I congratulate those girls...who stopped trying but have their boyfriends ending up realizing things. I congratulate that girl...whose bf came around and is willing to sacrifice and do anything for her while she doesn't even have to do a thing.

Because here I am...

To have attempted to try every now and then...

But was left being the one who tried.

Surprisingly, I was willing to start over...start all over...I wanted to go back to the first time he and i went out...
I wanted to start over with this improved me...

But then...I realized that he wasn't even willing...didn't even want to get back...

He said he was confused...

He's actually...not even sure if he wants to get back. His love really isn't there anymore.

I mean...I guess i'll let him sort out things...to see if he wants me to stay or not...

But...I just don't think that he loves me anymore.

I've done in any possible way I could think of...

And say if he and I were to be back together...does he even love me..?

He's showing no desire for JayTee...even with this period, he doens't even try to talk to me..or giving me a long message just because.

I honestly don't know what to do.

But the only way...to find out if he loves me or not...

is for me to stop initiating.
Remember the old Tuan?

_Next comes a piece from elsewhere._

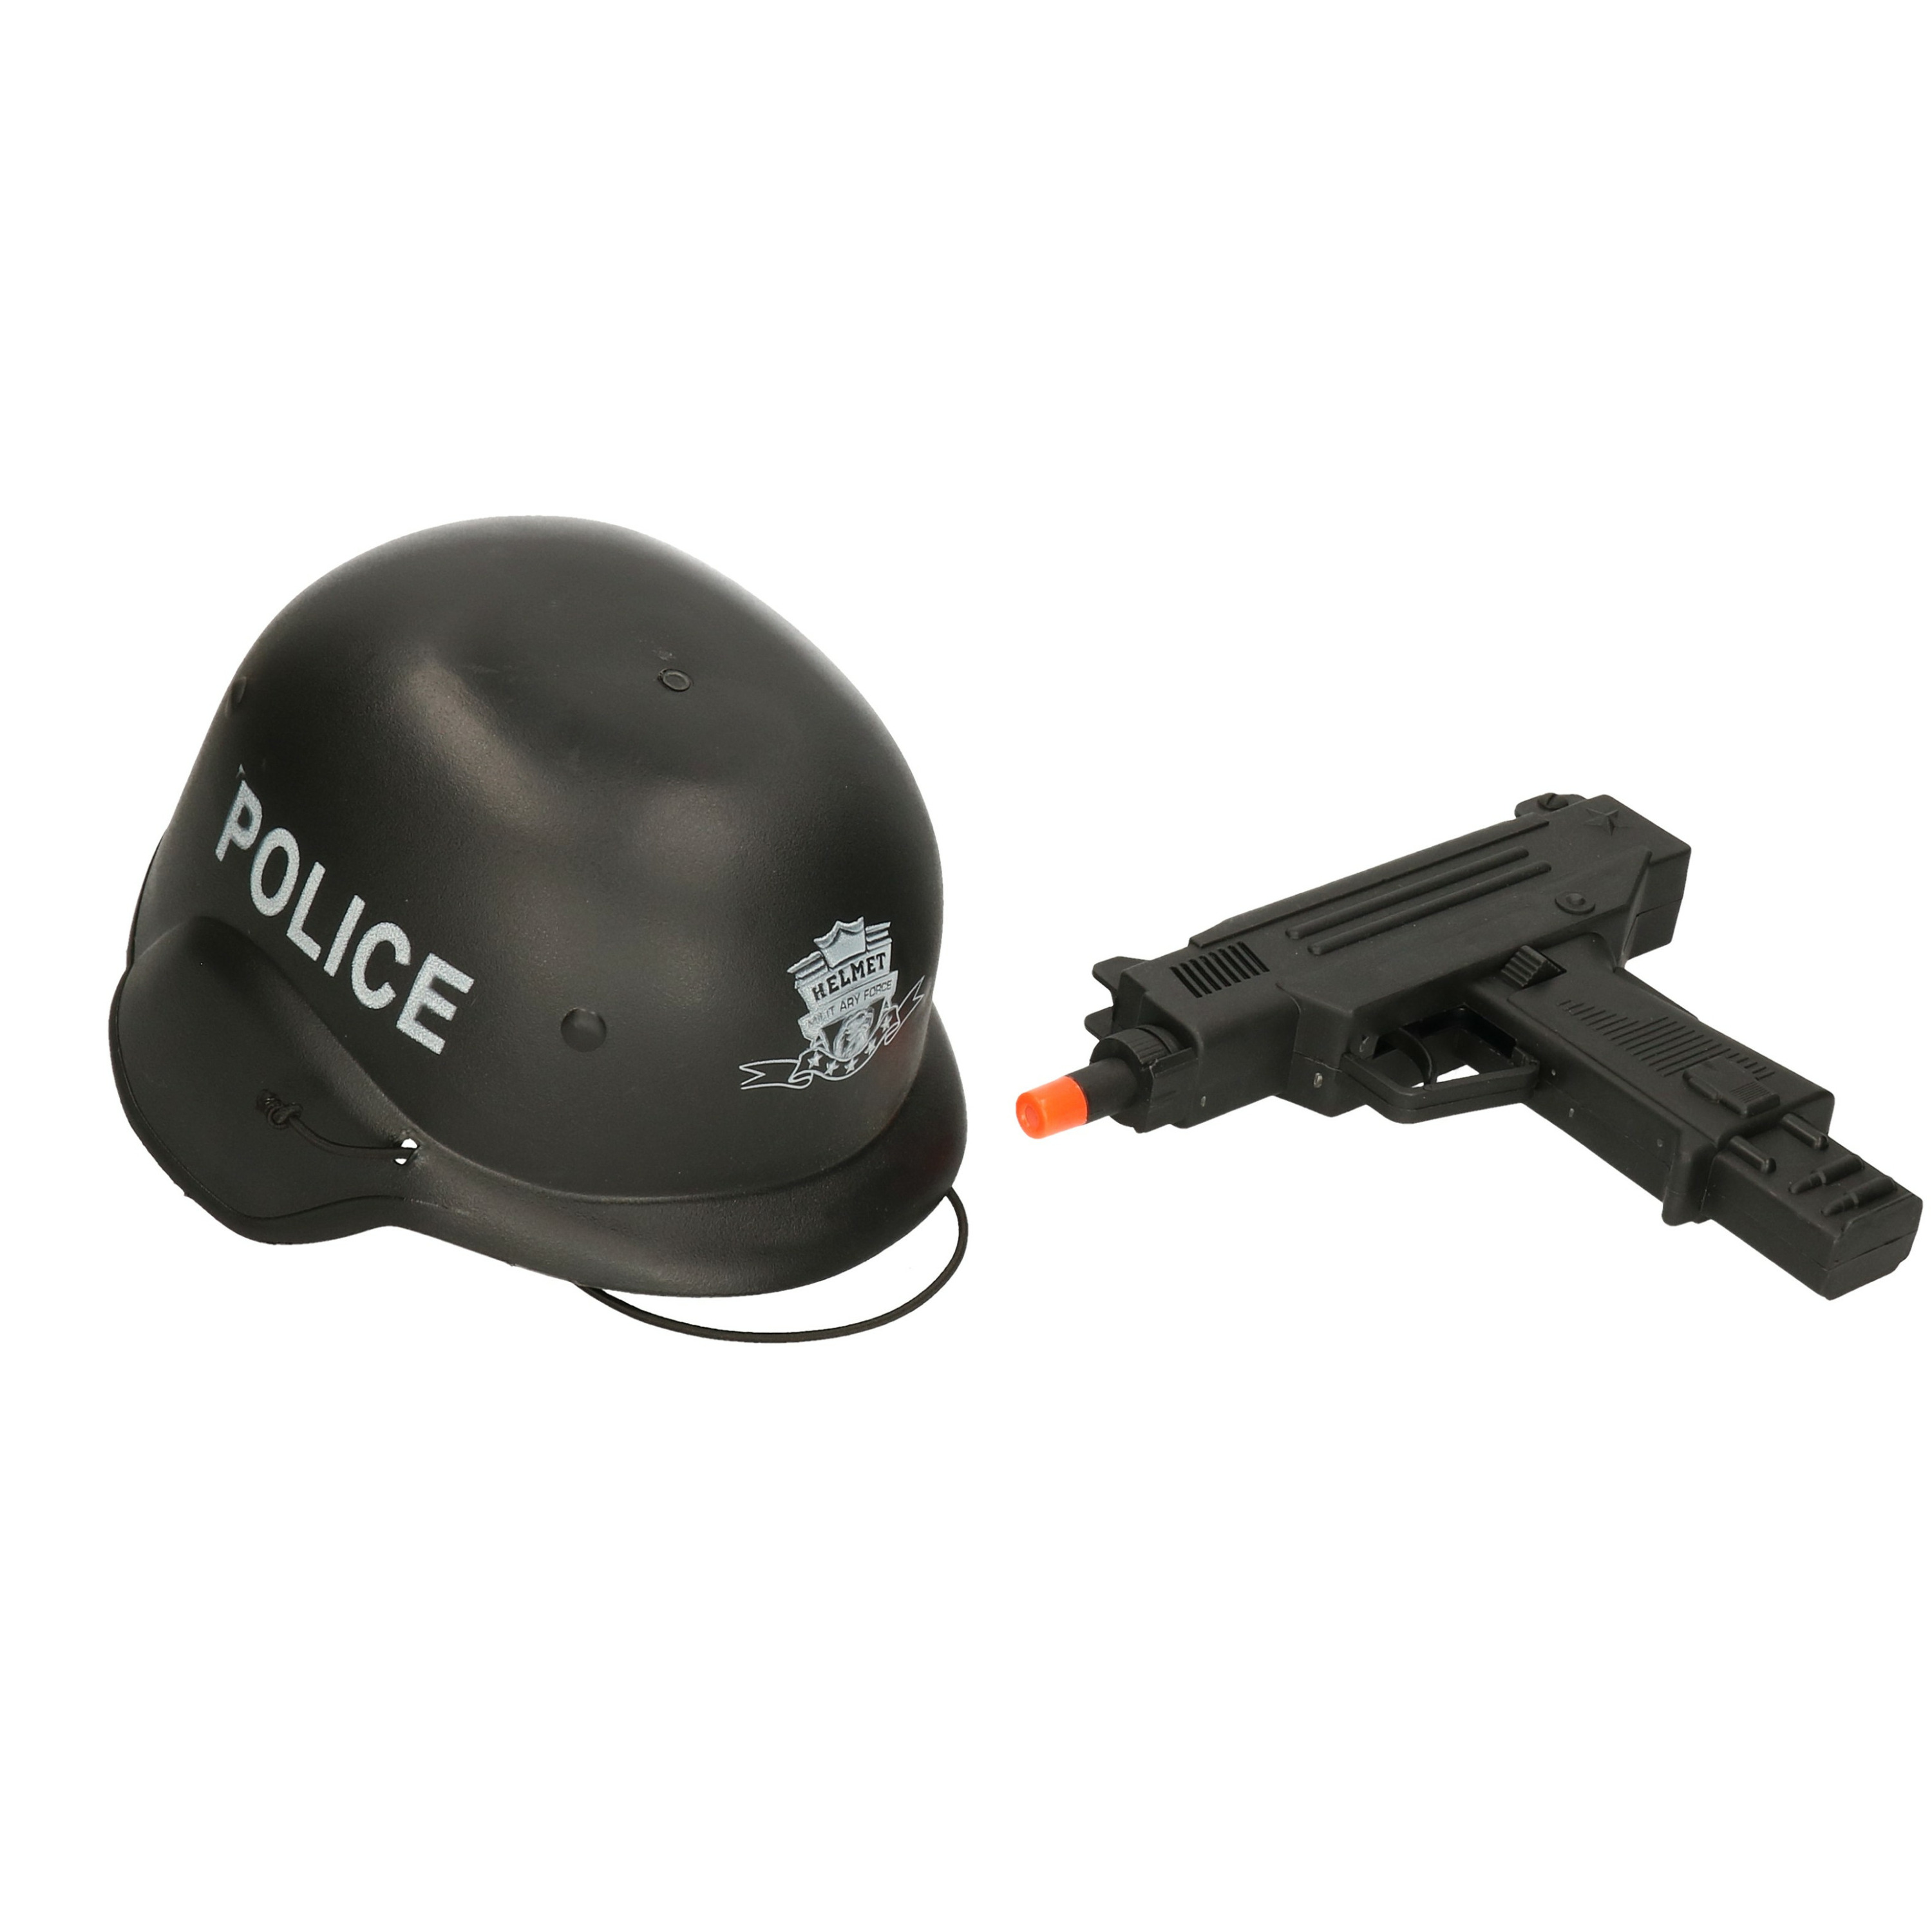 Verkleedaccessoires Politie SWAT team wapen set met pistool en helm

He always intiated...even when I didn't even feel like talking...he talked to me.

I'm kinda searching in his heart to see if there's still love at all..

Because if he had tried to get me back...i would actually agree to it...and i would have surprised him that I still have the side of me that he likes.

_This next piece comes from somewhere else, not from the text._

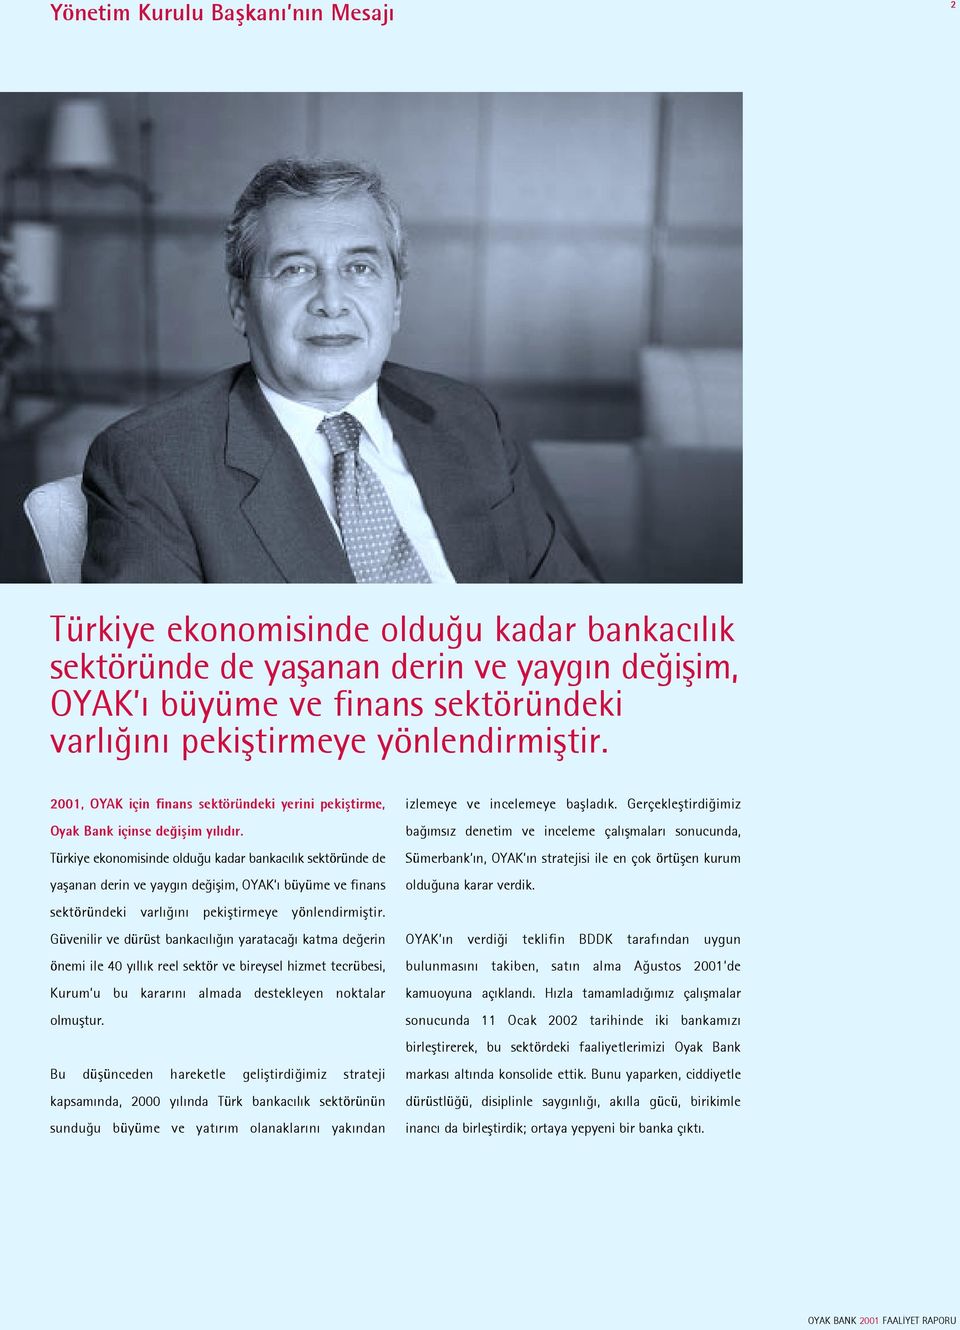 Türkiye ekonomisinde oldu u kadar bankac l k sektöründe de yaßanan derin ve yayg n de ißim, OYAK büyüme ve finans sektöründeki varl n pekißtirmeye yönlendirmißtir.

I guess i'll just give it a few more weeks...not another month though...

I already know what I want..i'm clear of where I am..
I'm just trying to pick up clues to whether or not there's any hope for me and him left.
I guess if he still loves me and have any plans of being with me again..
I guess he'll talk to me..

Other than that...I should just stop bothering him. I mean..he obviously knows that i'm willing to be with him.
But I don't know if he's willing to be with me.

For now...I'll just read old convos and wonder what i should have said :] ahaha...hey...as long as my memory's still alive...that side of him is still alive.

He needs to know...that i'm not that weak weak girl anymore.
Trying is one thing, but to be willing to stop and see what's being returned is another thing.
I've tried and I even made him that video in case if he's not willing to be with me anymore.

But I want to stop and see. I need to know when to stop. And right now, I need to stop.

He needs room to understand if he still loves me, if he still has the same burning passion he once had.

I'm sure things will work out if he treats me like he used to. This time, I'll try my best to show him that everything he does is worth it.

Well, I guess i'll give it a few more days and perhaps a few more weeks. It's been a month already...then again...he never approached me...

So I'm not sure he wants me. I'm not sure if he needs me.

If there is another chance for him and me...i hope this time...he and I can actually go alll the way back and start over from there. I simply just want him to treat me like before...i want to be someone special to him.

I'm not sure what he wants from me...but i'm sure i can do it...

honestly...if i really can go back in time...i would have changed a lot of things about myself...my flaws, to be exact.

but I guess he doesn't know what I'm willing to do...nor do I know what's he willing to do.